Average team advancement prediction accuracy across all stages

In 2024, I wrote a blog post about predicting Counter-Strike 2 matches inside a Major Championship context using OpenAI’s GPT4 model.

In this post, I’m expanding the experiment by doing a benchmark of different LLM models with the same purpose.

TL;DR

All the predictions were run before the championship started at May 30, 2025

When it comes to predicting the team advancement between stages in the championship, there were no improvements from the last experiment. The best performant models were DeepSeek’s deepseek-chat and OpenAI’s gpt-4.1, which had a 58.3% avg accuracy each.

Average team advancement prediction accuracy across all stages

When it comes to matches, Anthropic’s claude-sonnet-4 had the best accuracy: 18 matches predicted correctly and MaritacaAI’s sabia-3 was a close second: 17 matches predicted correctly.

Average team advancement prediction accuracy across all stages

More on the In Depth Analysis section, but for matches I’ve just considered the ones that happened in the real world.
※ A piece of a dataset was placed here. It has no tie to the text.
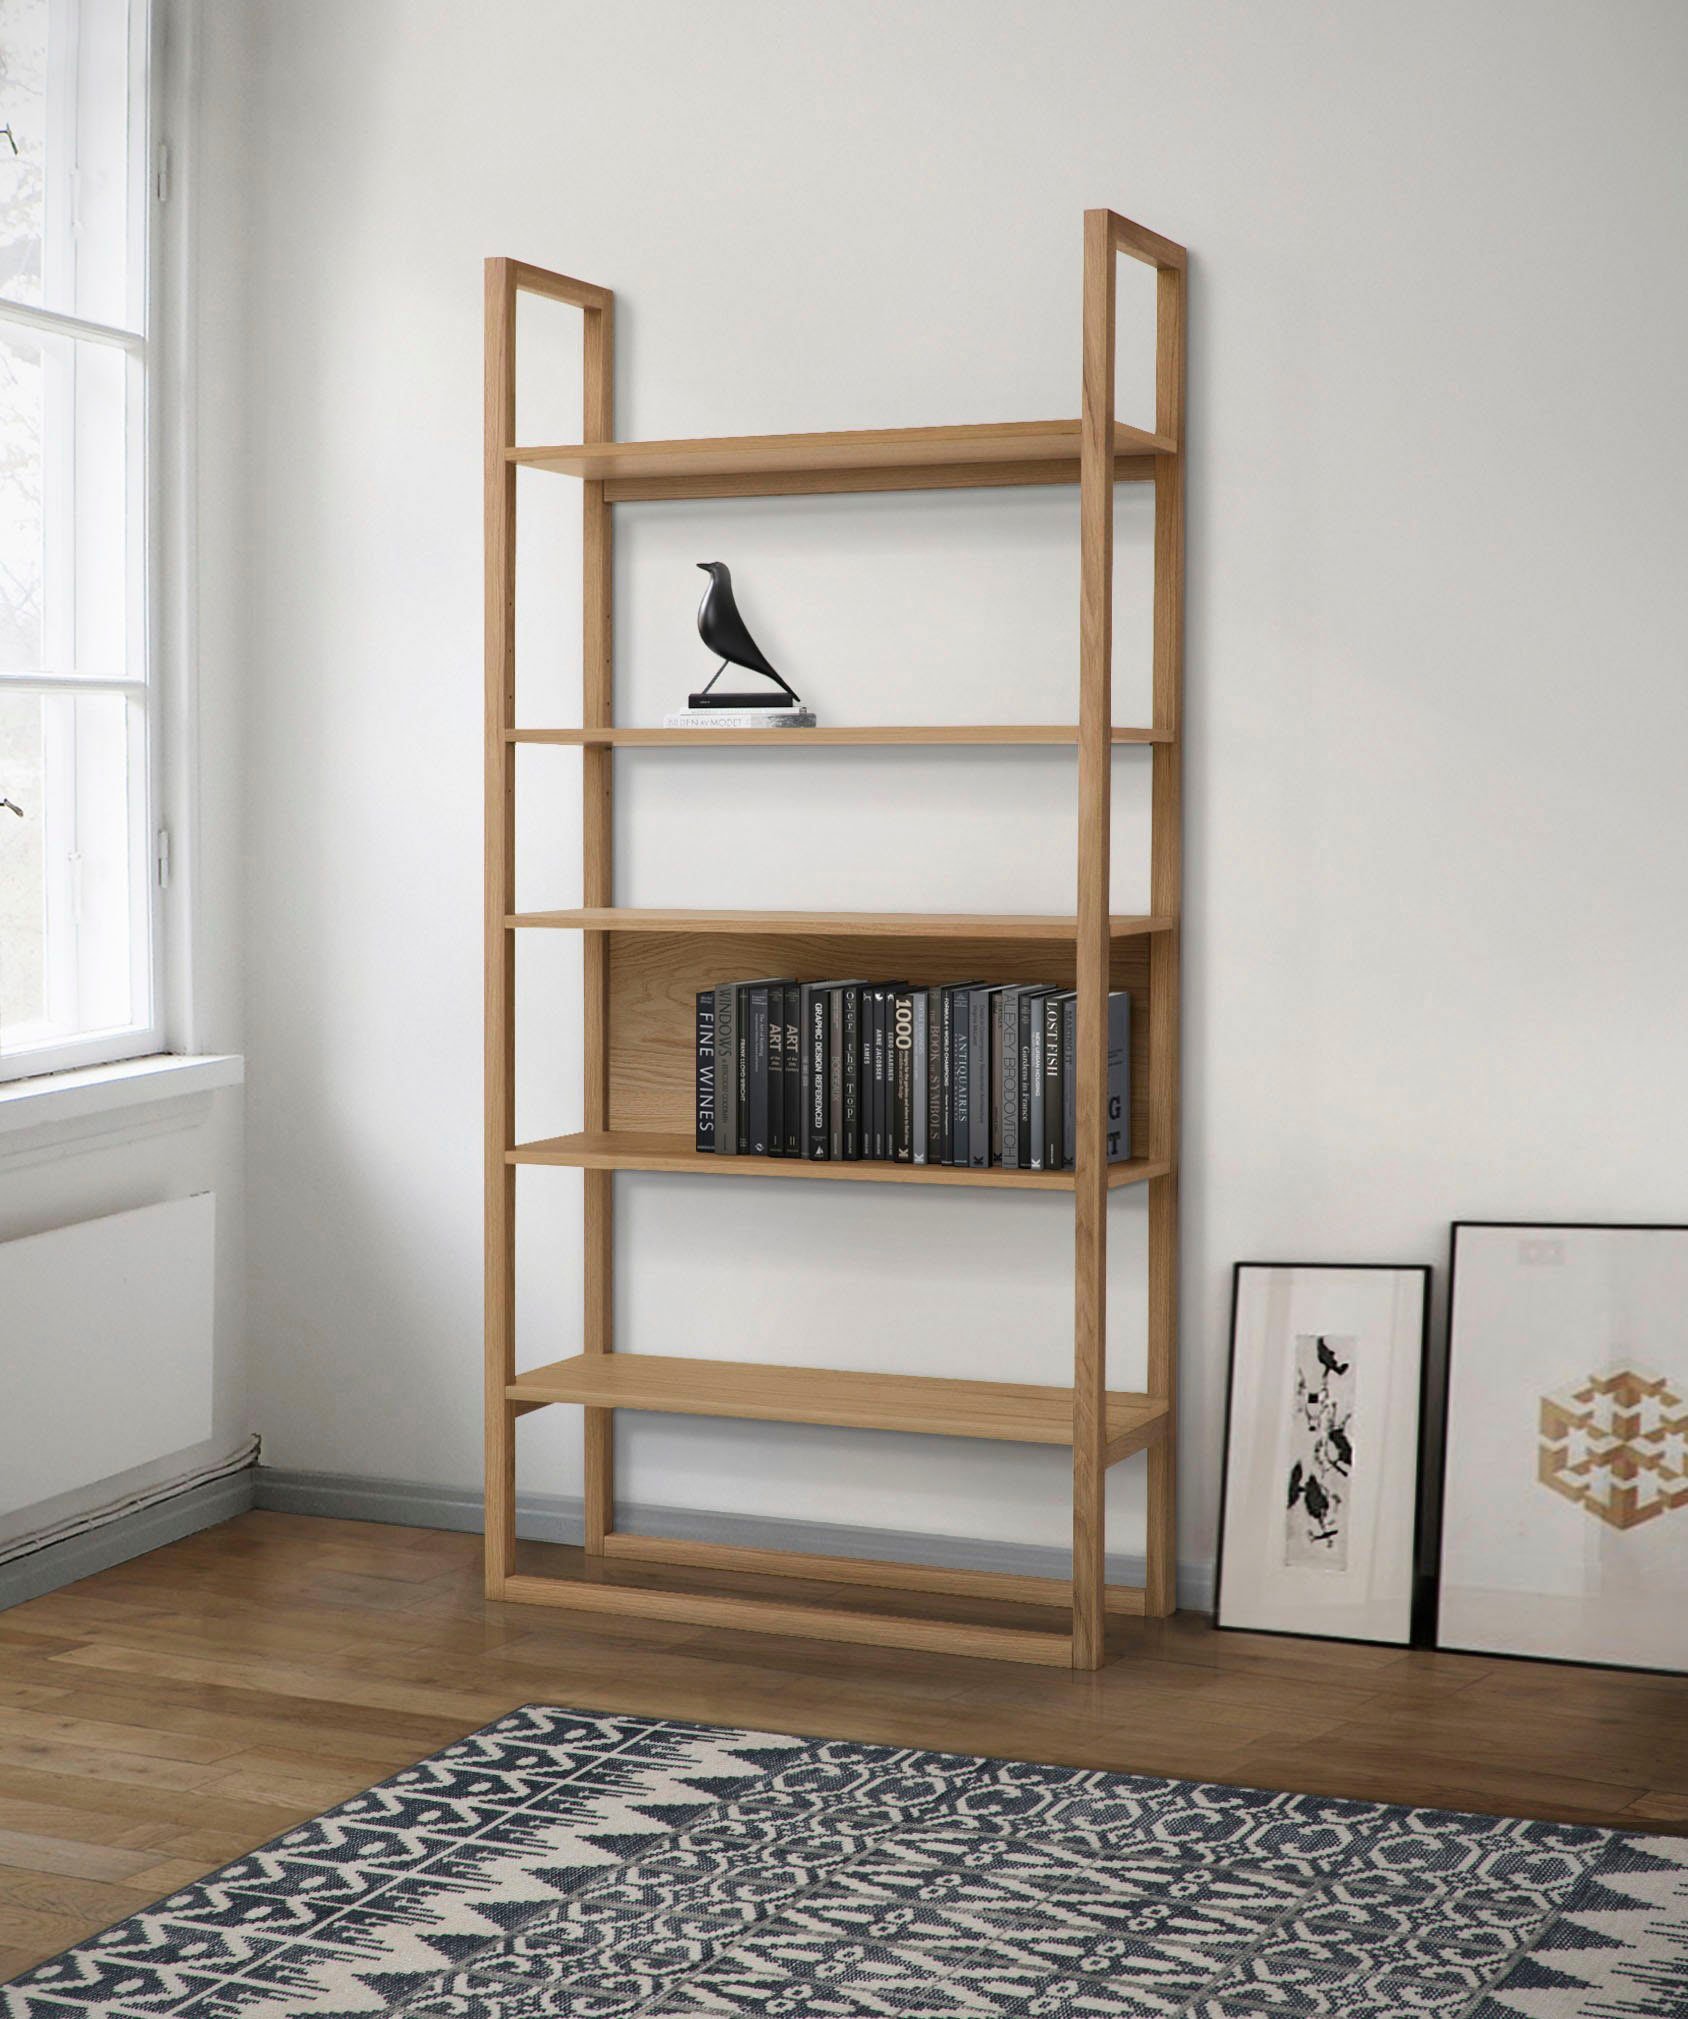 Echtes Produkt, limitierter Exklusivverkauf! Woodman Bücherregal »New Est«, de im sur skandinavischen Design, livraison massiver Eiche aus Gestell frais sans

CS2 Major Championship is done in a Swiss format which basically means the matchups of a round are defined based on the results of the previous round.

Code

The code is open source and available at luizcieslak/cs2-match-prediction.

The main code is built using Node+TypeScript, the data scraping is using Playwright (actually Patchright to bypass the anti-bot detection) and the analysis/charts are done using Python in Jupyter Notebooks.

Full Prompt

The prompt remained similar to the one used in the previous post, with a few tweaks:

Added a new statistic about each team’s performance in all maps.
Try to predict what would be the played maps and the map picks/bans sequence so then, in theory, it could predict the result with a higher accuracy.

The prompt already had:

Summary of the last 10 articles about each team
Each team’s overall statistics
Each team’s world ranking position
Each team’s past events history
Current championship context (current stage, amount of games already played, etc)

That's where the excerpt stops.